You are viewing a plain text version of this content. The canonical link for it is here.

Posted to mapreduce-dev@hadoop.apache.org by Nicolae Marasoiu <nm...@adobe.com> on 2013/06/19 09:53:37 UTC

InputFormat to regroup splits of underlying InputFormat to control number of map tasks

Hi,

When running map-reduce with many splits it would be nice from a performance perspective to have fewer splits while maintaining data locality, so that the overhead of running a map task (jvm creation, map executor ramp-up e.g. spring context, etc) be less impactful when frequently running map-reduces with low data & processing.

I created such an AggregatingInputFormat that simply groups input splits into composite ones with same location and creates a record reader that iterates over the record reader created by underlying inputFormat for the underlying raw splits.

Currently we intend to use it for hbase sharding but I would like to also implement an optimal algorithm to ensure both fair distribution and locality, which I can describe if you find it useful to apply in multi-locations such as replicated kafka or hdfs.

Thanks,
waiting for your feedback,
Nicu Marasoiu
Adobe

Re: InputFormat to regroup splits of underlying InputFormat to control number of map tasks

Posted by Nicolae Marasoiu <nm...@adobe.com>.

Hi,

Our intention is to solve this in a generic context, not just file input.
Thus the split class should be generic (very similar to CompositeInputSplit from mapred).

We also already implement getRecordReader by iterating over record readers created by the decorated input format (this method is not implemented in MultiFile).

Regarding allocation of such a composite split to a location, in a generic context (not just file input), a better job at choosing a sweet spot between data locality and workload distribution fairness can be done than the algorithm used in MultiFileIF does.

On the other hand, I will dive into FileInputFormat.getSplitHosts to evaluate the rack locality into a generic close-to-optimal allocation algorithm.

Please check  https://issues.apache.org/jira/browse/MAPREDUCE-5287 for java code already tested which can work in general context but is optimal only for single-location splits such as the case which hbase.

A configuration is given to the mapreduce job to specify the number of map tasks desired for the job.

Thanks,
Nicu

On 6/19/13 6:01 PM, "Robert Evans" <ev...@yahoo-inc.com>> wrote:

This sounds similar to MultiFileInputFormat

http://svn.apache.org/viewvc/hadoop/common/trunk/hadoop-mapreduce-project/h
adoop-mapreduce-client/hadoop-mapreduce-client-core/src/main/java/org/apach
e/hadoop/mapred/MultiFileInputFormat.java?revision=1239482&view=markup

It would be nice if you could take a look at it and see if there is
something we can do here to improve it/combine the two.

--Bobby

On 6/19/13 2:53 AM, "Nicolae Marasoiu" <nm...@adobe.com>> wrote:

Hi,

When running map-reduce with many splits it would be nice from a
performance perspective to have fewer splits while maintaining data
locality, so that the overhead of running a map task (jvm creation, map
executor ramp-up e.g. spring context, etc) be less impactful when
frequently running map-reduces with low data & processing.

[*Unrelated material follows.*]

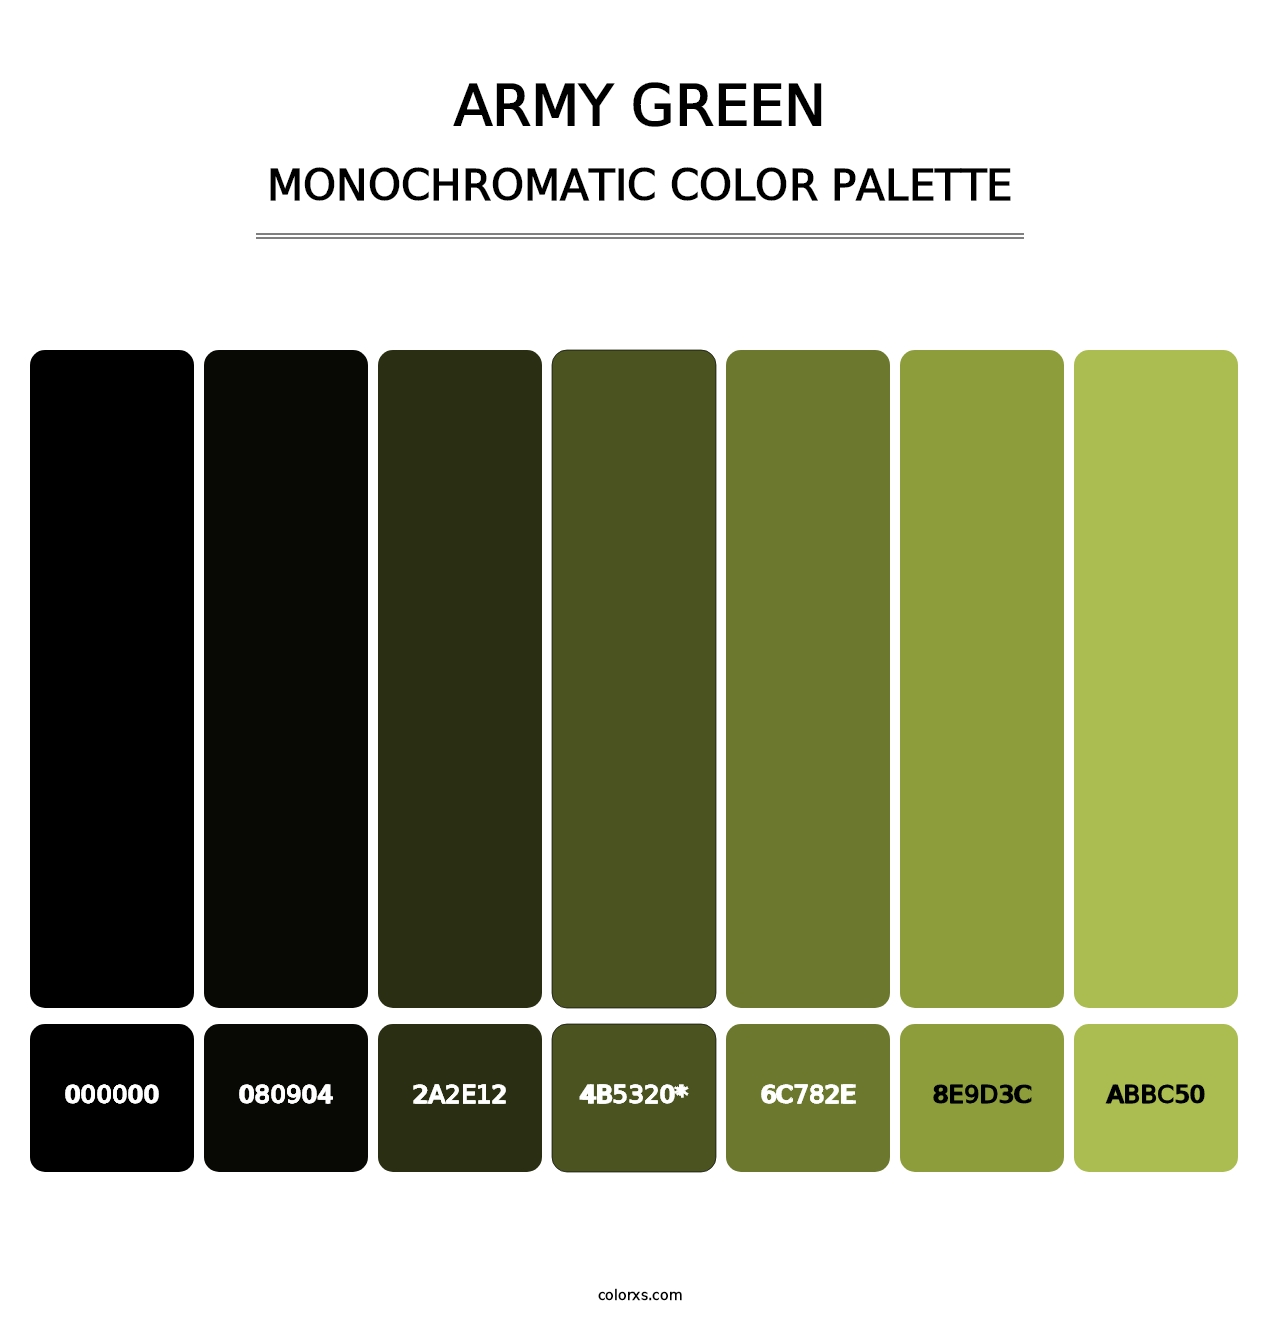 Army Green - Monochromatic Color Palette

I created such an AggregatingInputFormat that simply groups input splits
into composite ones with same location and creates a record reader that
iterates over the record reader created by underlying inputFormat for the
underlying raw splits.

Currently we intend to use it for hbase sharding but I would like to also
implement an optimal algorithm to ensure both fair distribution and
locality, which I can describe if you find it useful to apply in
multi-locations such as replicated kafka or hdfs.

Thanks,
waiting for your feedback,
Nicu Marasoiu
Adobe

Re: InputFormat to regroup splits of underlying InputFormat to control number of map tasks

Posted by Robert Evans <ev...@yahoo-inc.com>.

This sounds similar to MultiFileInputFormat

http://svn.apache.org/viewvc/hadoop/common/trunk/hadoop-mapreduce-project/h
adoop-mapreduce-client/hadoop-mapreduce-client-core/src/main/java/org/apach
e/hadoop/mapred/MultiFileInputFormat.java?revision=1239482&view=markup

It would be nice if you could take a look at it and see if there is
something we can do here to improve it/combine the two.

--Bobby

On 6/19/13 2:53 AM, "Nicolae Marasoiu" <nm...@adobe.com> wrote:

>Hi,
>
>When running map-reduce with many splits it would be nice from a
>performance perspective to have fewer splits while maintaining data
>locality, so that the overhead of running a map task (jvm creation, map
>executor ramp-up e.g. spring context, etc) be less impactful when
>frequently running map-reduces with low data & processing.
>
>I created such an AggregatingInputFormat that simply groups input splits
>into composite ones with same location and creates a record reader that
>iterates over the record reader created by underlying inputFormat for the
>underlying raw splits.
>
>Currently we intend to use it for hbase sharding but I would like to also
>implement an optimal algorithm to ensure both fair distribution and
>locality, which I can describe if you find it useful to apply in
>multi-locations such as replicated kafka or hdfs.
>
>Thanks,
>waiting for your feedback,
>Nicu Marasoiu
>Adobe